Anonymous wrote:Why are most of you even in this forum? Totally trolls .
Anonymous wrote:Anonymous wrote:Dogs totally control the household of everyone I know who owns them. It’s chaos.
And it’s ridiculous.
You seem to be missing the point that there is something that must make them so happy that they will put up with the chaos. Your lack of understanding is your own personal shortcoming.
Anonymous wrote:I like dogs but have no desire to have my own. It's ok to not want to be a dog owner.
Anonymous wrote:Dogs totally control the household of everyone I know who owns them. It’s chaos.
And it’s ridiculous.
Anonymous wrote:Anonymous wrote:Anonymous wrote:Anonymous wrote:Anonymous wrote:It's not that much work, especially if you have a fenced in yard. And especially if you have little dogs that don't really need walks. And you can get non shedders too.
But I do have a fenced in yard! (OP here.)
Even the non shedders will get dirt on them outside and track it in inside and then get it on your upholstery and rugs and floors and bed.
Like, what’s the point of washing your throw blankets and sheets if a dirty dog is going to get on them? And don’t tell me you get your dog washed or groomed several times a week. I know no one who does that.
Also, anuses. There, I said it.
They definitely track dirty into the house and are not no work. I just don't think they're a ton of work.
I personally have no carpet and washable throw rugs. We have robot vacuums with mops that run daily.
And no, I don't bathe my dogs constantly, and they're in my wooded yard in the leaves and sticks. It doesn't really bother me, but I wouldn't hold it against anyone that they don't want that in their house.
But every time people call my dogs gross, I just think about my sweet upper east side nephew who literally licks the subway windows and poles, plays on the sidewalks, pushes elevator buttons and then sticks his fingers in his mouth, and urinated behind a bolted to the wall dresser.
I'm also devastated to inform you that humans also have anuses.
I'm mostly joking here. If you don't like dogs, it doesn't bother me. You shouldn't get them. But I laugh at my pet-hating sister who has an absolutely filthy and adorable NYC toddler.
OP here. Thank you for your humorous and gracious post. Super helpful perspective. Appreciate everyone being so open and kind.
And yeah, humans have anuses but they are usually covered (I hope), not rubbing/grazing on upholstery, and humans wash their bodies throughly (again, I hope) and quite often.
Thank you kind posters. And to the cat person—no way. Cats are 🤮 to me. Many people have allergies + cat litter smell is gross. And don’t tell me your cat is “just like a dog!!!” Because the. you should see my OP 🙃.
OK, so you don't like dogs OR cats. You sound uptight and miserable.
Anonymous wrote:Anonymous wrote:Anonymous wrote:Anonymous wrote:It's not that much work, especially if you have a fenced in yard. And especially if you have little dogs that don't really need walks. And you can get non shedders too.
But I do have a fenced in yard! (OP here.)
Even the non shedders will get dirt on them outside and track it in inside and then get it on your upholstery and rugs and floors and bed.
Like, what’s the point of washing your throw blankets and sheets if a dirty dog is going to get on them? And don’t tell me you get your dog washed or groomed several times a week. I know no one who does that.
Also, anuses. There, I said it.
They definitely track dirty into the house and are not no work. I just don't think they're a ton of work.
I personally have no carpet and washable throw rugs. We have robot vacuums with mops that run daily.
And no, I don't bathe my dogs constantly, and they're in my wooded yard in the leaves and sticks.
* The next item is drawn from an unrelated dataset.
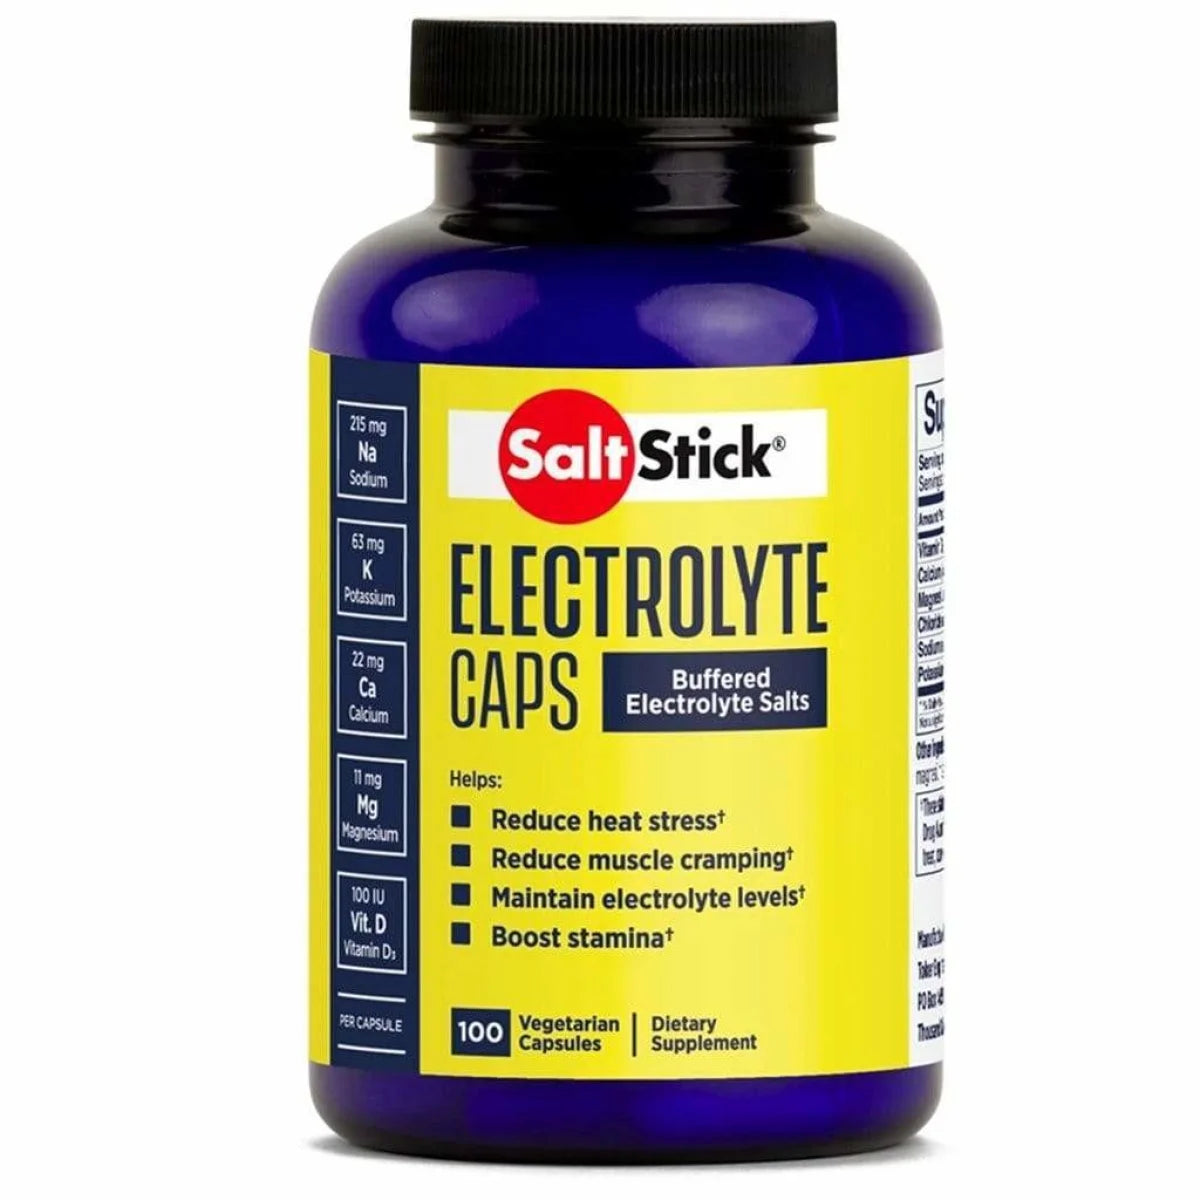 SaltStick Electrolyte Caps

It doesn't really bother me, but I wouldn't hold it against anyone that they don't want that in their house.
But every time people call my dogs gross, I just think about my sweet upper east side nephew who literally licks the subway windows and poles, plays on the sidewalks, pushes elevator buttons and then sticks his fingers in his mouth, and urinated behind a bolted to the wall dresser.
I'm also devastated to inform you that humans also have anuses.
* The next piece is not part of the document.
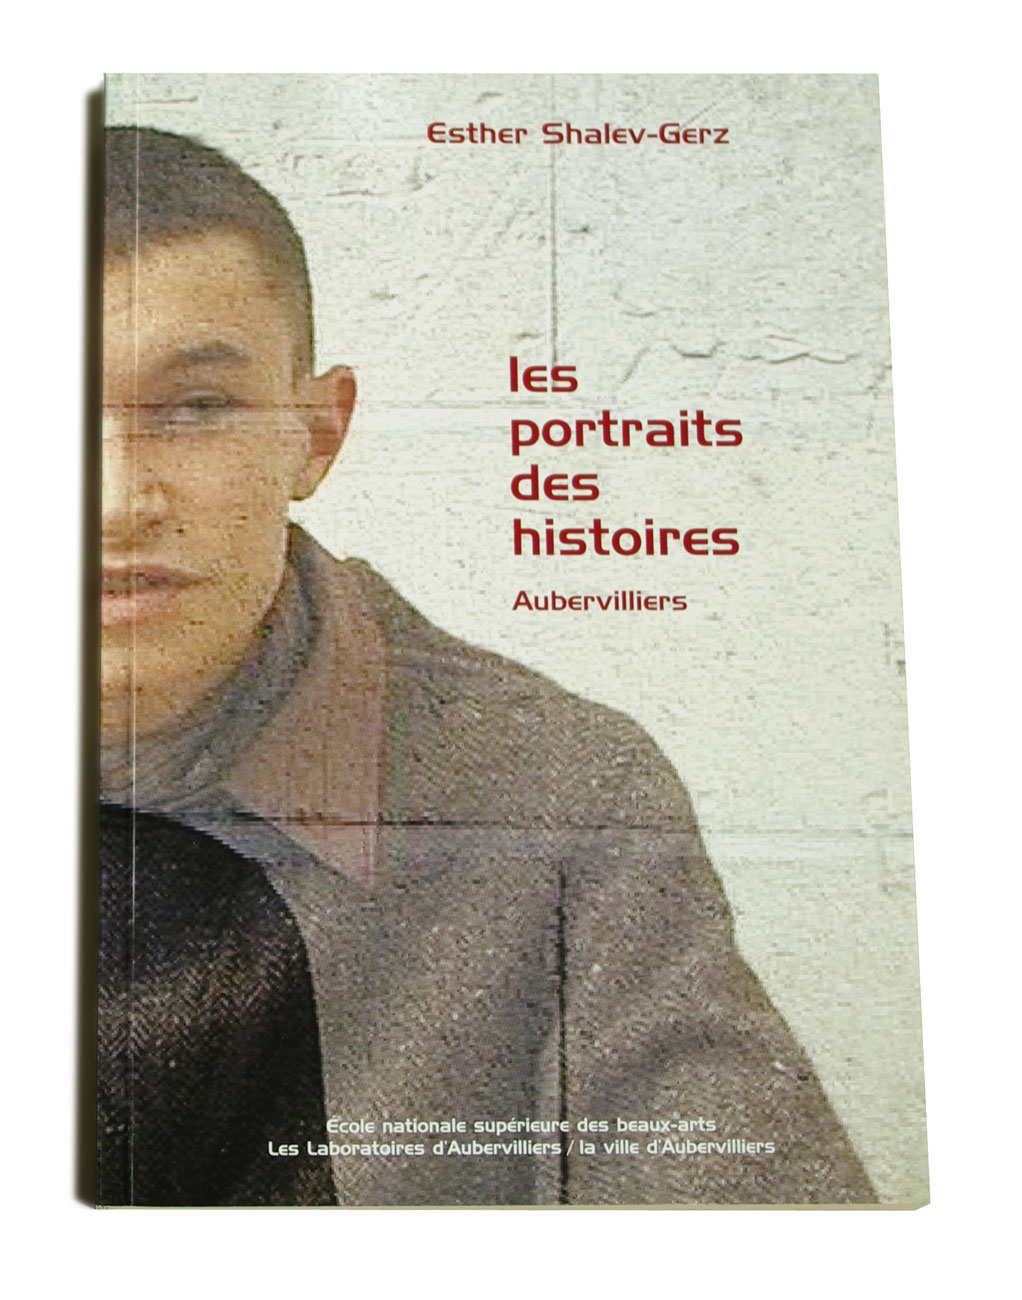 BOOK_Aubervilliers_01

I'm mostly joking here. If you don't like dogs, it doesn't bother me. You shouldn't get them. But I laugh at my pet-hating sister who has an absolutely filthy and adorable NYC toddler.
OP here. Thank you for your humorous and gracious post. Super helpful perspective. Appreciate everyone being so open and kind.
And yeah, humans have anuses but they are usually covered (I hope), not rubbing/grazing on upholstery, and humans wash their bodies throughly (again, I hope) and quite often.
Thank you kind posters. And to the cat person—no way. Cats are 🤮 to me. Many people have allergies + cat litter smell is gross. And don’t tell me your cat is “just like a dog!!!” Because the. you should see my OP 🙃.
Anonymous wrote:Dogs are like kids in that you shouldn’t get a dog unless you really, really want one. It’s not you, which is great!